§ EXERCISE AIM: The copy has to match the data exactly and leave out every picture.

§ SOURCE DATA:

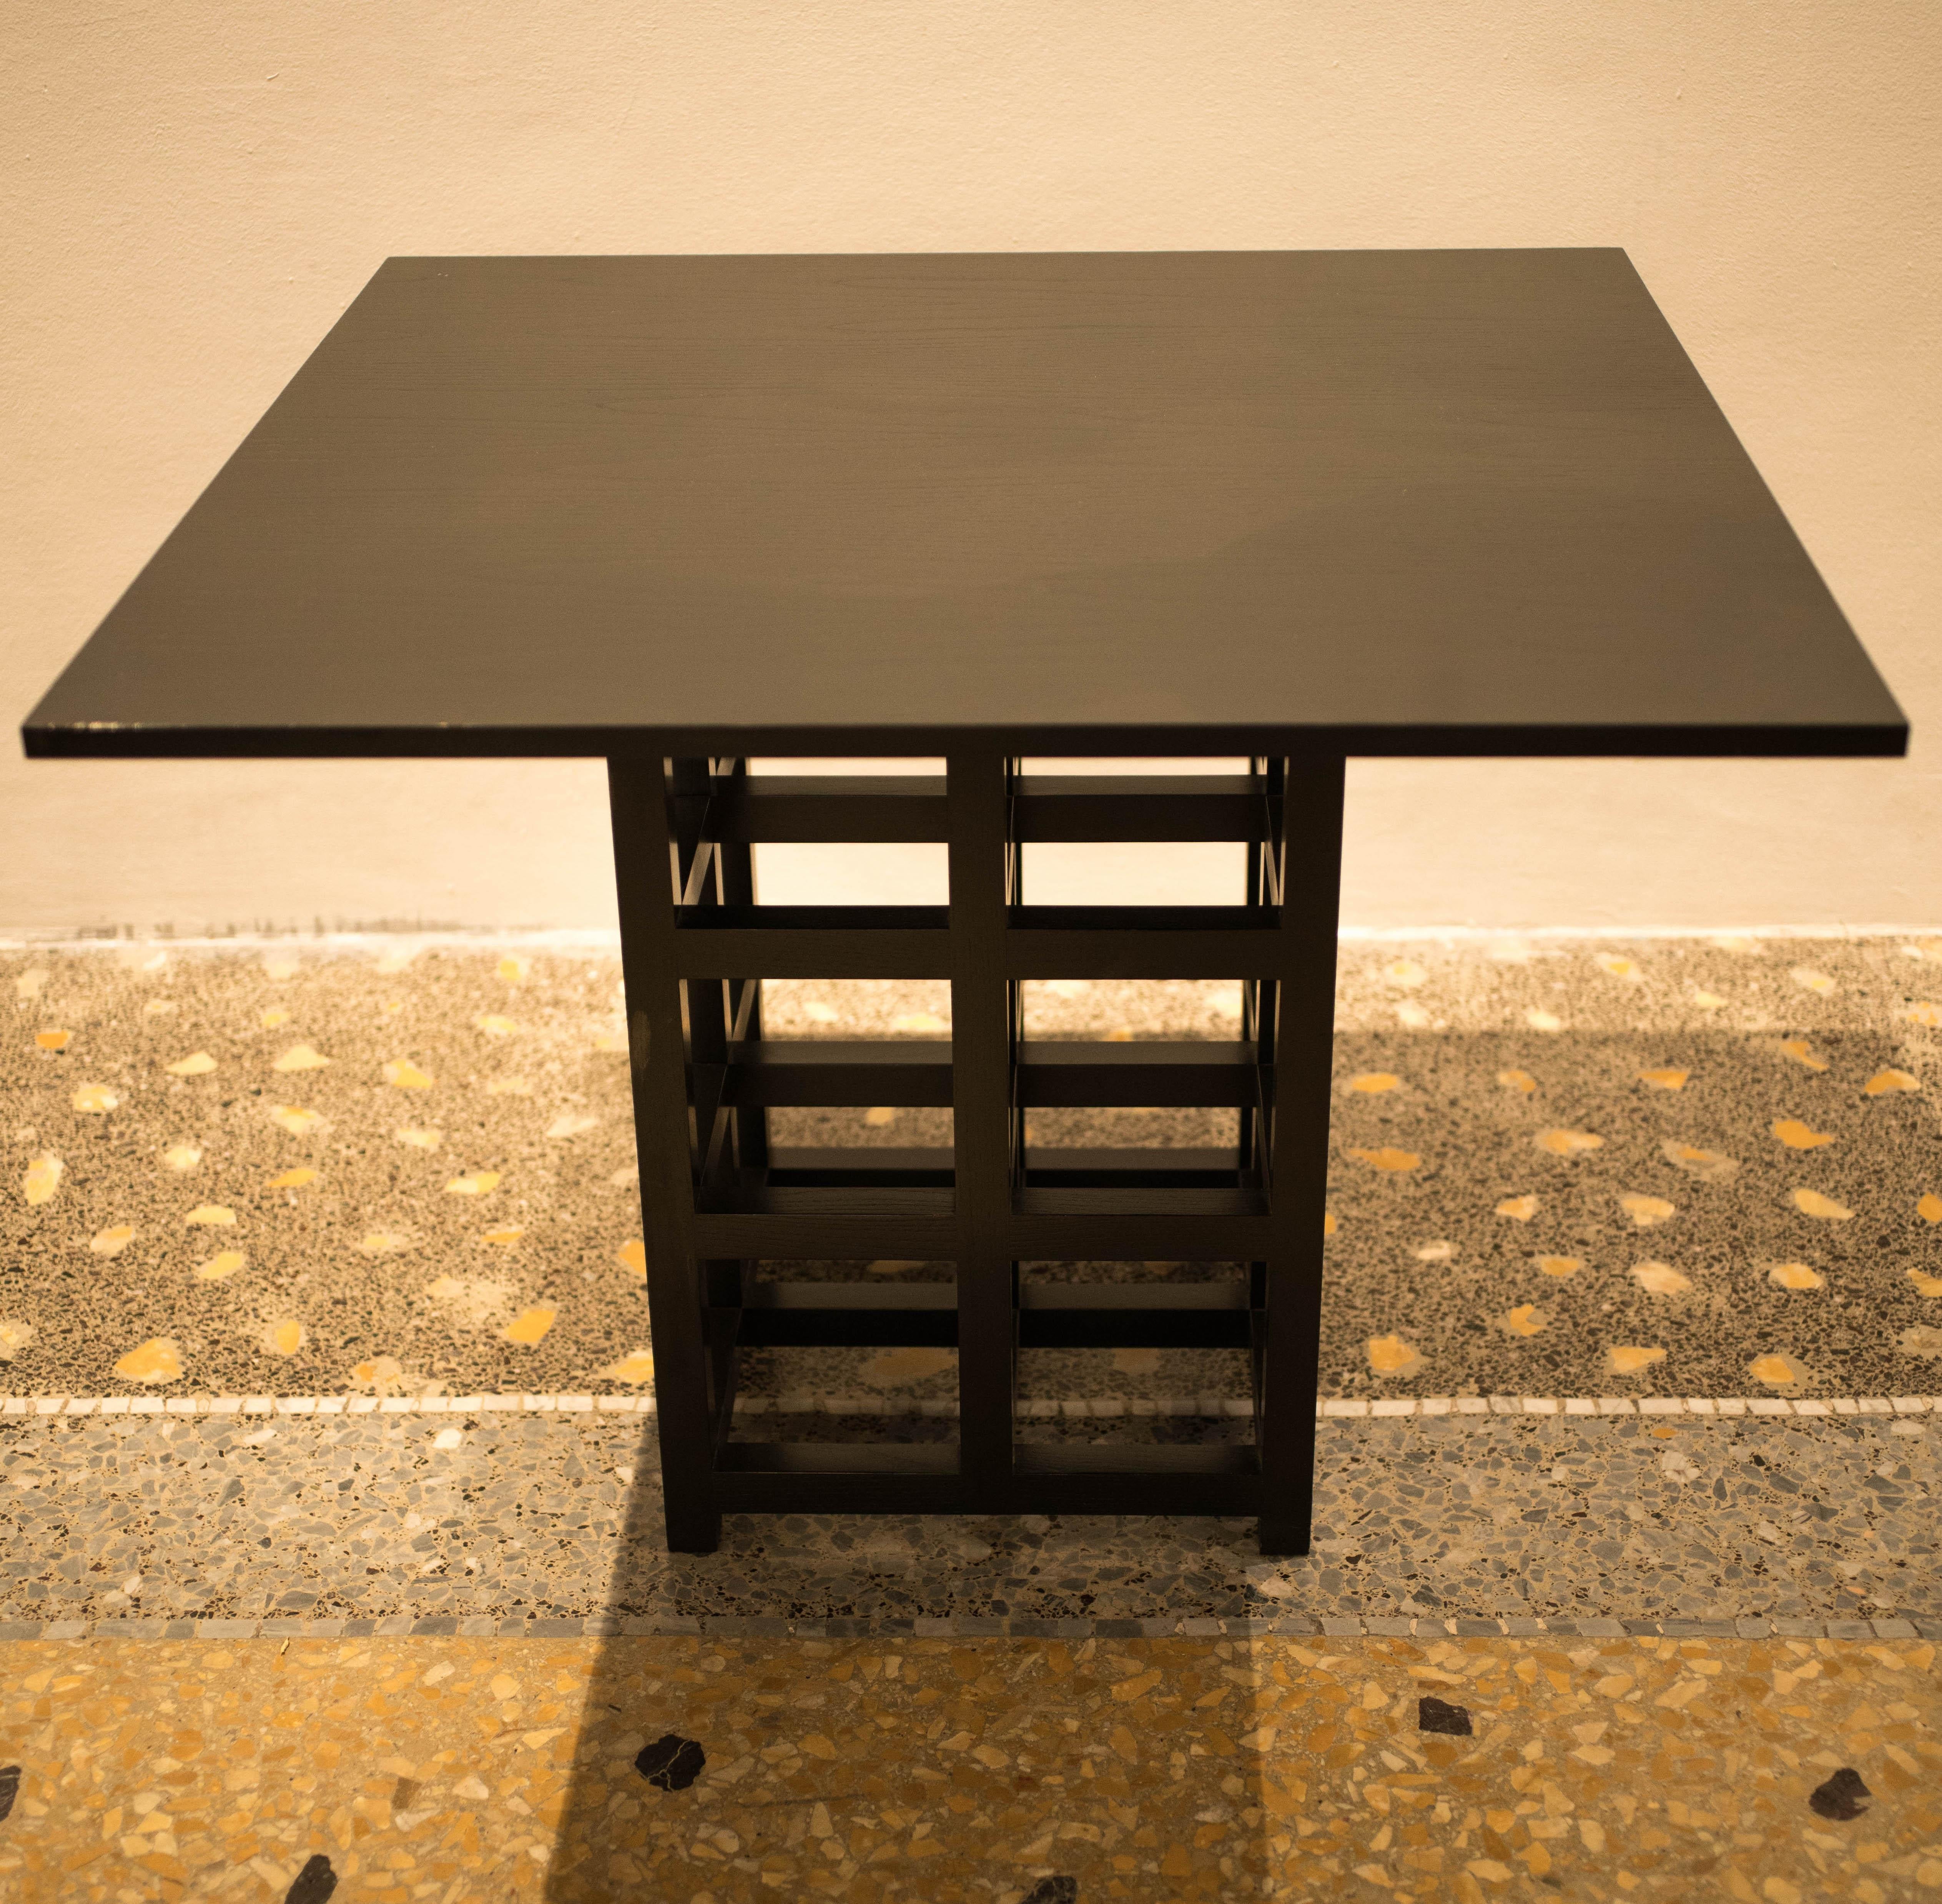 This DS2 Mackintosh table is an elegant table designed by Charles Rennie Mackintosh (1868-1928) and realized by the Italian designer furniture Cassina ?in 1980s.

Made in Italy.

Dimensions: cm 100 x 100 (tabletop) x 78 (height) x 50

§ SOLUTION:
 This DS2 Mackintosh table is an elegant table designed by Charles Rennie Mackintosh (1868-1928) and realized by the Italian designer furniture Cassina ?in 1980s.

Made in Italy.

Dimensions: cm 100 x 100 (tabletop) x 78 (height) x 50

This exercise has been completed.